Rachman: Well, I don’t know whether it’s an evil word, but quite a lot of Asian countries, including ones that are loosely allied with the West, in some ways still look to the West in an aspirational way because western economies still have the highest living standards. They may not have the largest economies, because that’s a function of population.
We’re used to the idea that America was both the largest economy in the world and had the highest living standards. Now, America and to a lesser extent the European countries will continue for a long time to have the highest living standards; people will be richer. But they may not have the largest economies because China and India are countries of over a billion people, so they need to only get to roughly a quarter of the wealth levels of the average American per capita and have the largest economy in the world. You can still have people aspiring on an individual level to westernize in the sense that they want to achieve the lifestyle of the West, but they may on a geopolitical level no longer be willing to defer to the West because the aggregate power of an India or a China is huge.
Knowledge at Wharton: Is it your expectation that the first meeting between Trump and Xi will be the start of a fairly good relationship between the United States and China moving forward?
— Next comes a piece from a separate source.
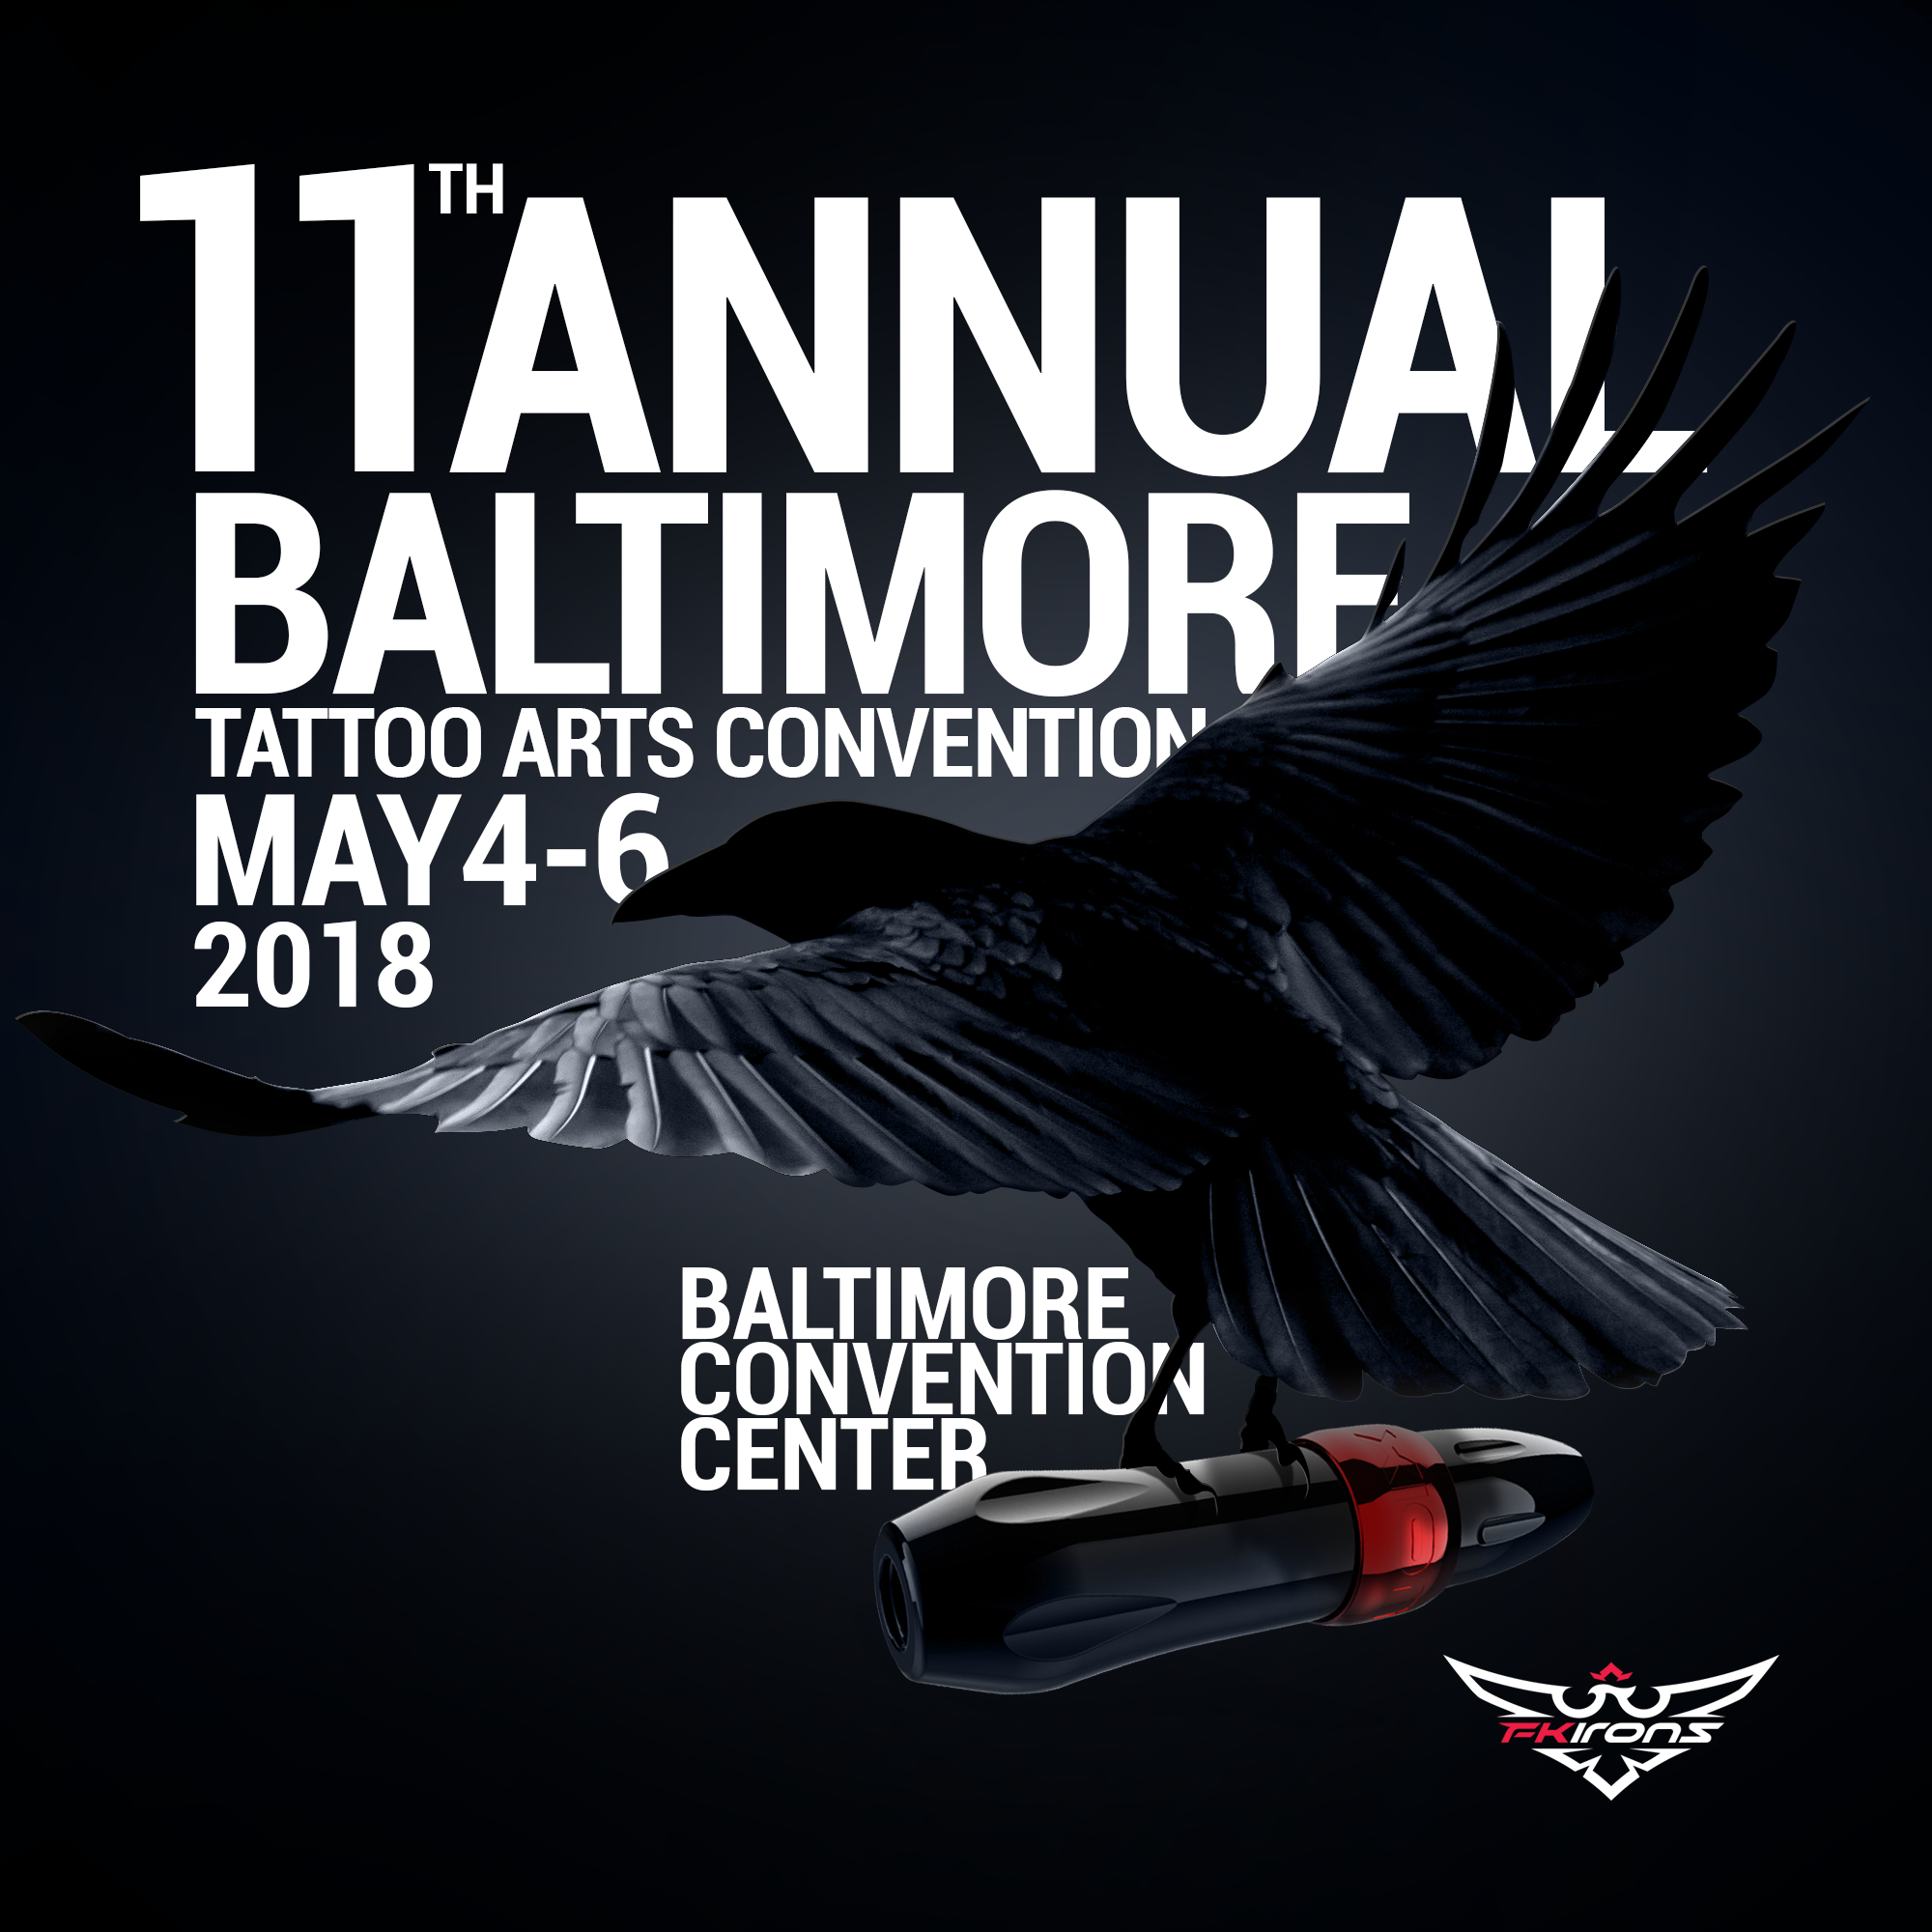 Convention Calendar  Baltimore Tattoo Convention event in Baltimore  Maryland United States at Baltimore Convention Center starting Fri 13 May  2022

Rachman: I think it’s too unpredictable to say that with great confidence, partly because Trump really hasn’t completely shown his hand. As I said, there was a big shift in rhetoric, and maybe that is it and we will now see that he is going to move towards a more positive relationship with China.
Indeed, that is the sort of Chinese view of how American presidents work. They all start by saying they are going to get tough with China. Bill Clinton did, so did George W. Bush. But in the end, they all realized that China is too important to really behave like that and they come around to a more conciliatory line. The question is whether Trump, because of his volatility and because of his longstanding grievances about trade, will be able to stick with this more conciliatory line or whether he could actually go back to the more hostile line if he finds that, as he sees it, China is not playing ball on trade.
I think the Chinese will offer symbolic concessions, and they will offer more access for American beef and American investment banking, and they will certainly be happy to fund big investments in the U.S. if those are profitable investments. But I don’t think they’re up for a very fundamental change in their thinking about the economic relationships. If that is what Trump is demanding, there could still be trouble ahead.